Upcoming changes to DataGrab 5

February 25, 2023

DataGrab is getting a much needed overhaul. 

DataGrab was initially released back in 2010, and it has remained largely unchanged since then. You configure it to read a CSV, JSON, or XML file, relate properties from the file to fields in ExpressionEngine, and it imports to create new entries or update existing entries. It was originally written to continually read from that file, over, and over, and over again. If your file had 5000 entries in it and it was attempting to import entry #4874 it meant that part of DataGrab's code had to execute a loop 4874 times to get to the row or item in the file to import an entry, and it executed the loop 4873 times before that, and 4872 times before that. That is a lot of memory consumption and overhead and it simply doesn't scale well.

Had I originally written DataGrab in 2010 I probably would have done it the same way because I didn't know any better. But now I know better. DataGrab 5 is switching to a producer/consumer model using Laravel's Queue. When DataGrab 5 reads from your CSV, JSON, or XML file it will push (or produce) items into the queue. If you are running an import from withing the ExpressionEngine control panel it will immediately start consuming the entries to import them with workers.

Upcoming changes:

When importing within the control panel and you have configured your import to delete non-imported entries, you will see a second red progress bar. The first purple progress bar is the consumer that is importing the entries, and the second progress bar is the consumer that deletes the other entries. This used to be included in the same request, but hey, since we're using queues lets take advantage of them and split up the work.

datagrab-queue-delete.png

If you have an import that is incomplete, or in a waiting state, as soon as you open the DataGrab module page in the control panel it will resume importing. You won't have to manually re-initiate the import.

The "limit" parameter is used to determine how many entries a single worker will consume before shutting down. If you set the limit to 0 it will attempt to consume as many entries as it can until it runs up against your PHP's max_execution_time or memory limits. When those limits are reached, it will immediately start another worker and continue importing entries. Think of the workers as a way to batch the imports.

If you only run imports from within the ExpressionEngine control panel, not much will change for you. If you had imports configured with a "limit" value below 50, upon upgrading to DataGrab 5 it will change the limit to 50. This is because the queue does a much better job at managing it's own resources and we don't have to set a "limit" of 1 to stay within the any PHP or server based timeout settings.

If you run imports from the CLI (command line) then some of these changes might be more important to you.

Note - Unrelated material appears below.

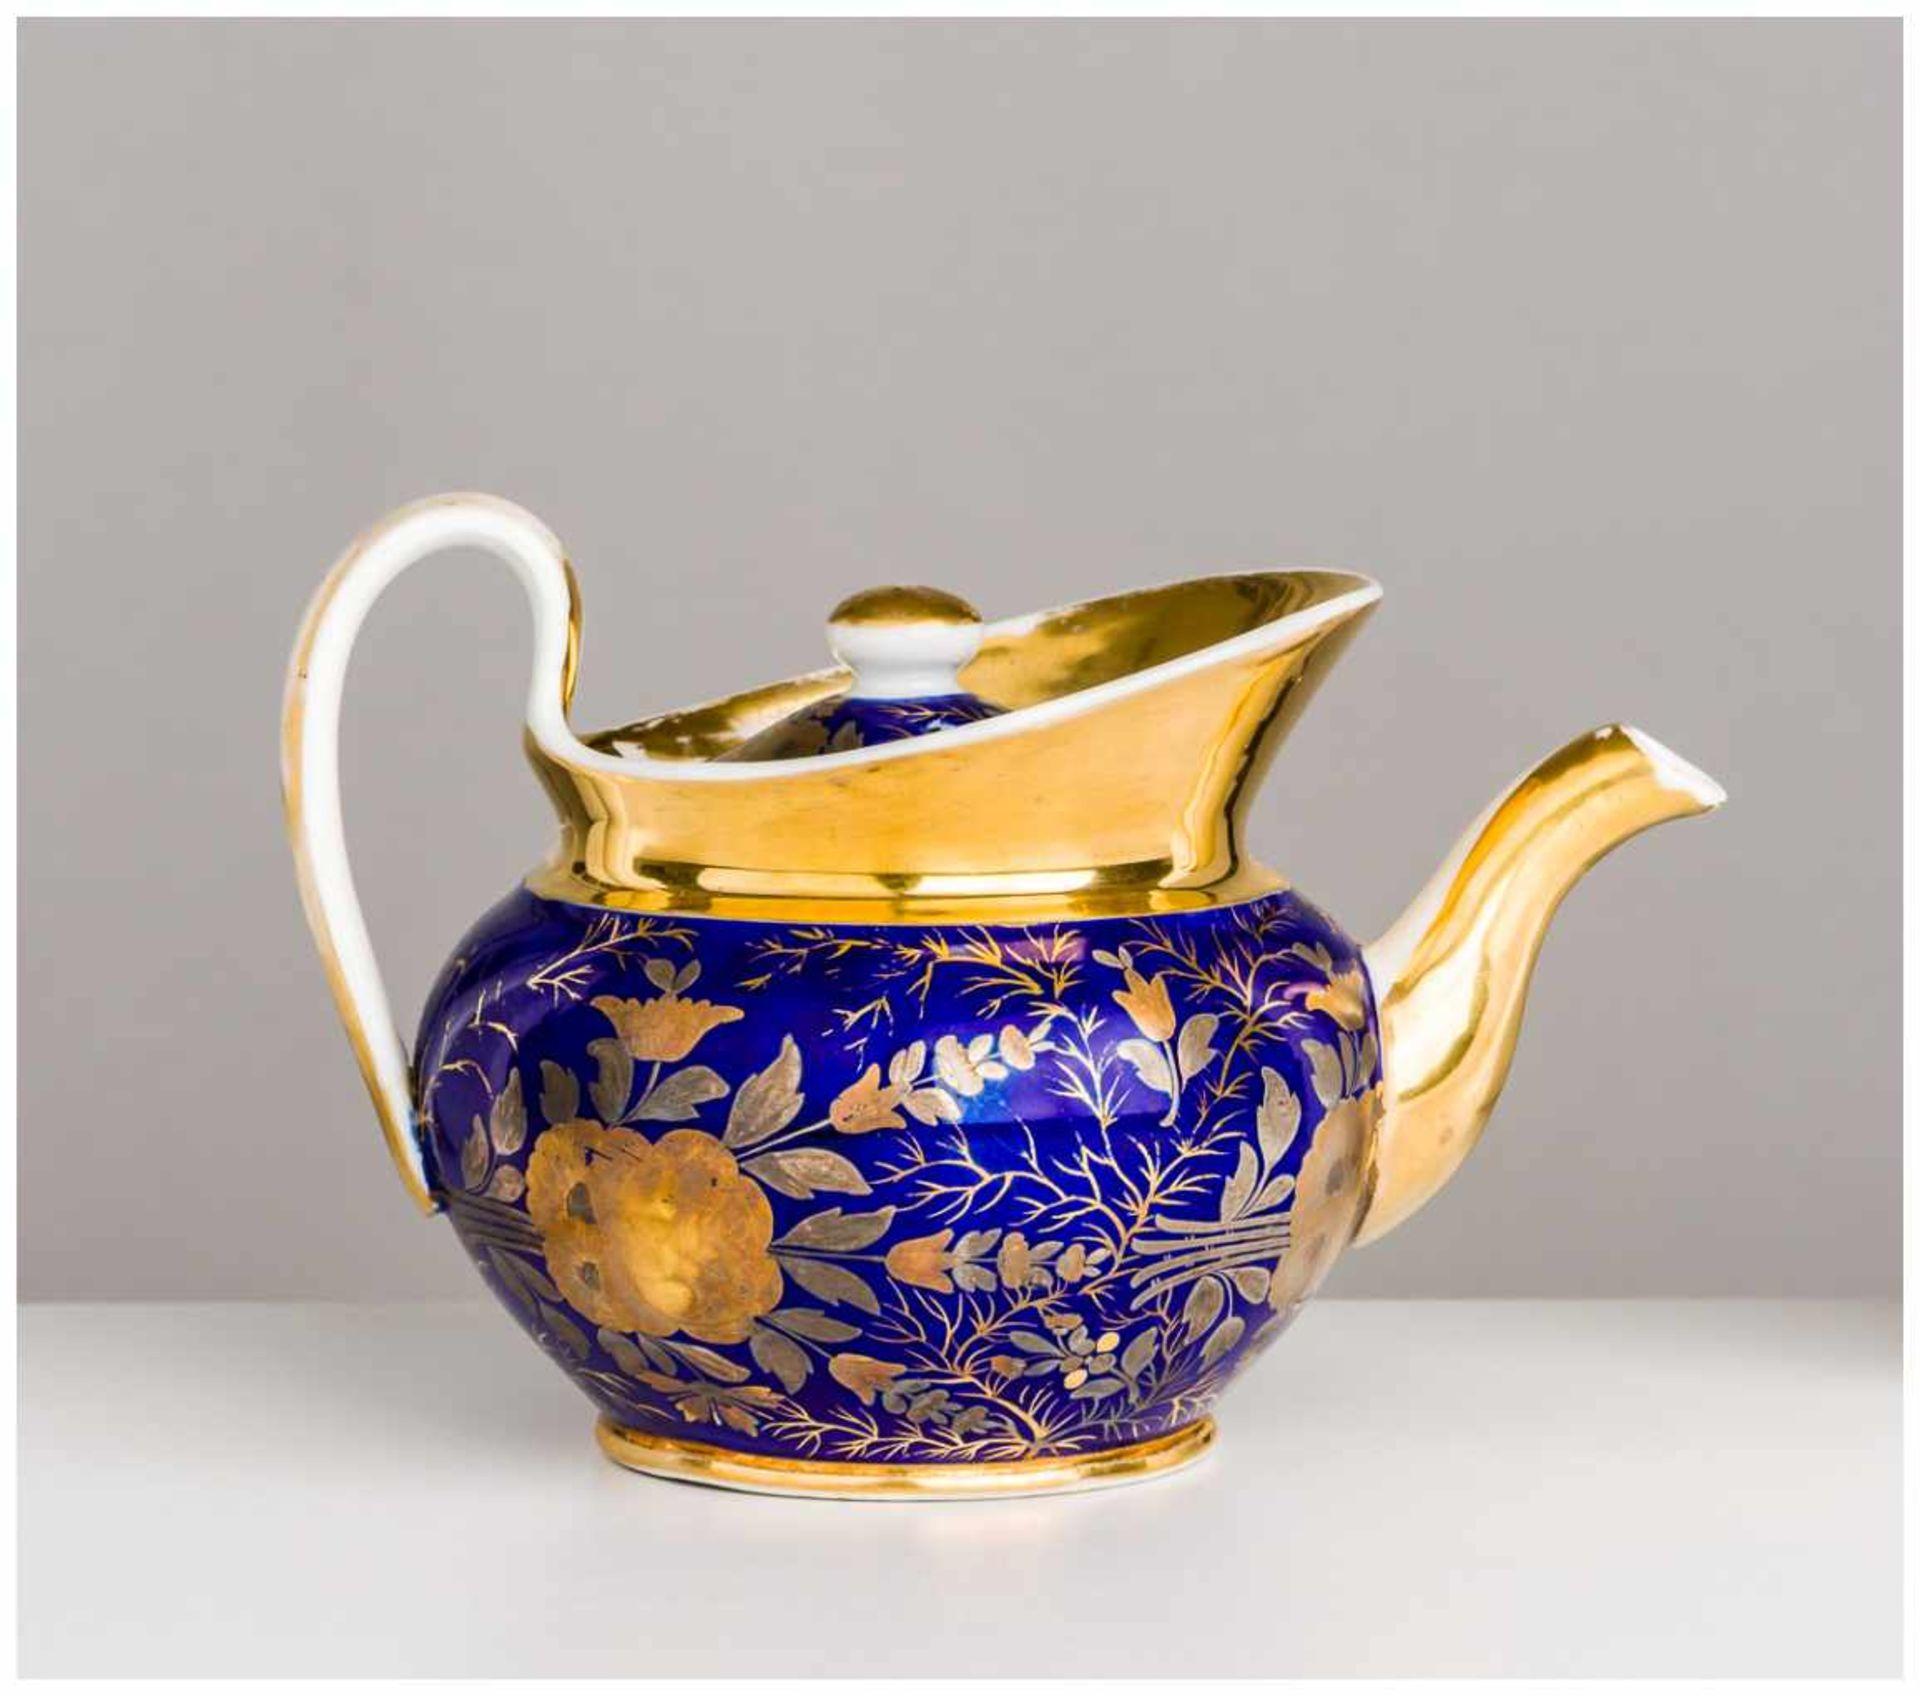 Los 32 - Teekanne Porzellan Manufaktur Gardner, um 1830 ca. 11 x 17,5 cm Gold etwas berieben. Teapot //

If you use the import:run command without any additional arguments other than the --id, then it will automatically produce and consume all the entries from your import file. However, if you set a "limit" in your config it will terminate the import when it reaches the set limit. If you want to keep using the command this way it is best to set your limit to 0 in the imports config settings, or simply us the --limit=0 argument, which will let the consumer run until it self terminates.

datagrab-queue-cli-opt.gif

php system/ee/eecli.php import:run --id=27

The previous command can propose problems if you're importing hundreds or thousands of entries, which is why you are now able to separate the two processes by defining a --producer or --consumer argument. If you're importing large amounts of data, using the separate --producer and --consumer argument is highly recommended. If a customer submits a ticket about having trouble importing 10,000 entries and are not using these CLI commands, then my first recommendation will be to use the CLI and these commands before any additional support is provided. 😉

php system/ee/eecli.php import:run --id=27 --producer

Running this command will only read entries from your import file and put them into the queue. If you have a daily import you can setup a crontab to schedule this command.

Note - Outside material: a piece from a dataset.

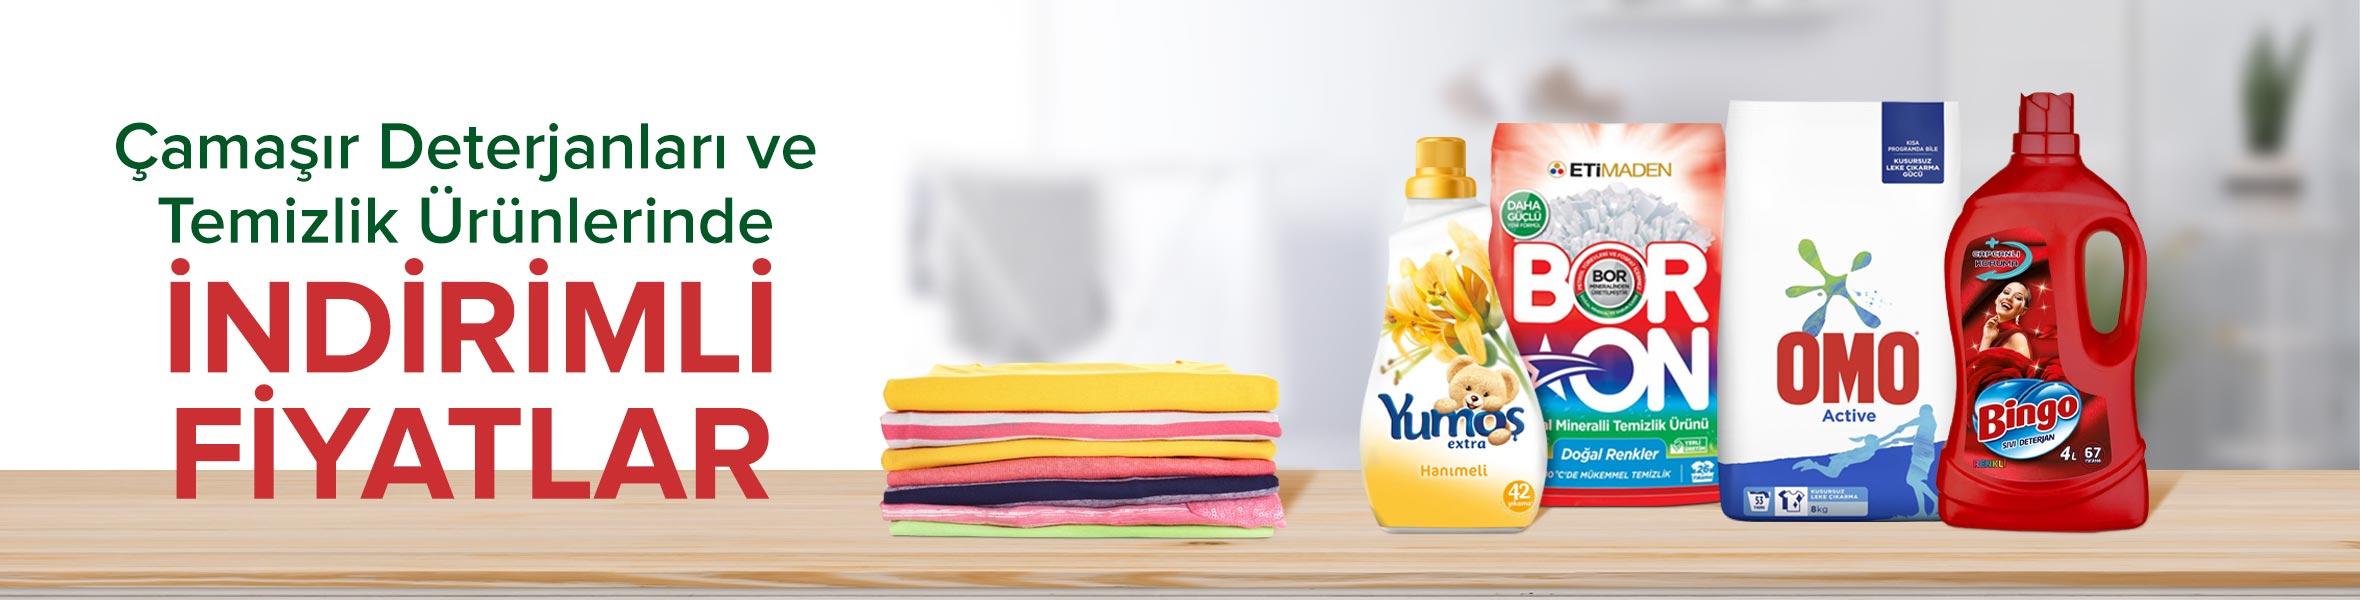 Çamaşır Yıkama Ürünlerinde Uygun Fiyatlar

php system/ee/eecli.php import:run --id=27 --consumer

Running this command will create a single worker to consume entries from the queue. If you set a "limit" of 50, then it will only import 50 entries then terminate. You'll need to run the --consumer command again. The best way to do this is again to setup a crontab on a schedule to run the command every 1, 3, 5, or 30 minutes (or use supervisord). Choose any interval that works for you. If the queue is empty and there is nothing to consume, then it'll just terminate itself, and try again at the next interval.

I hope these changes bring more stability to DataGrab, especially for those importing large amounts of data. At the very least I can say the code is a lot cleaner and DataGrab isn't doing as much code gymnastics as it used to iterate through import files.

Version 5 will initially be released, hopefully in the next few weeks, with the default Database queue, and later versions will hopefully bring support to Amazon's SQS, Redis, and Beanstallkd queue drivers.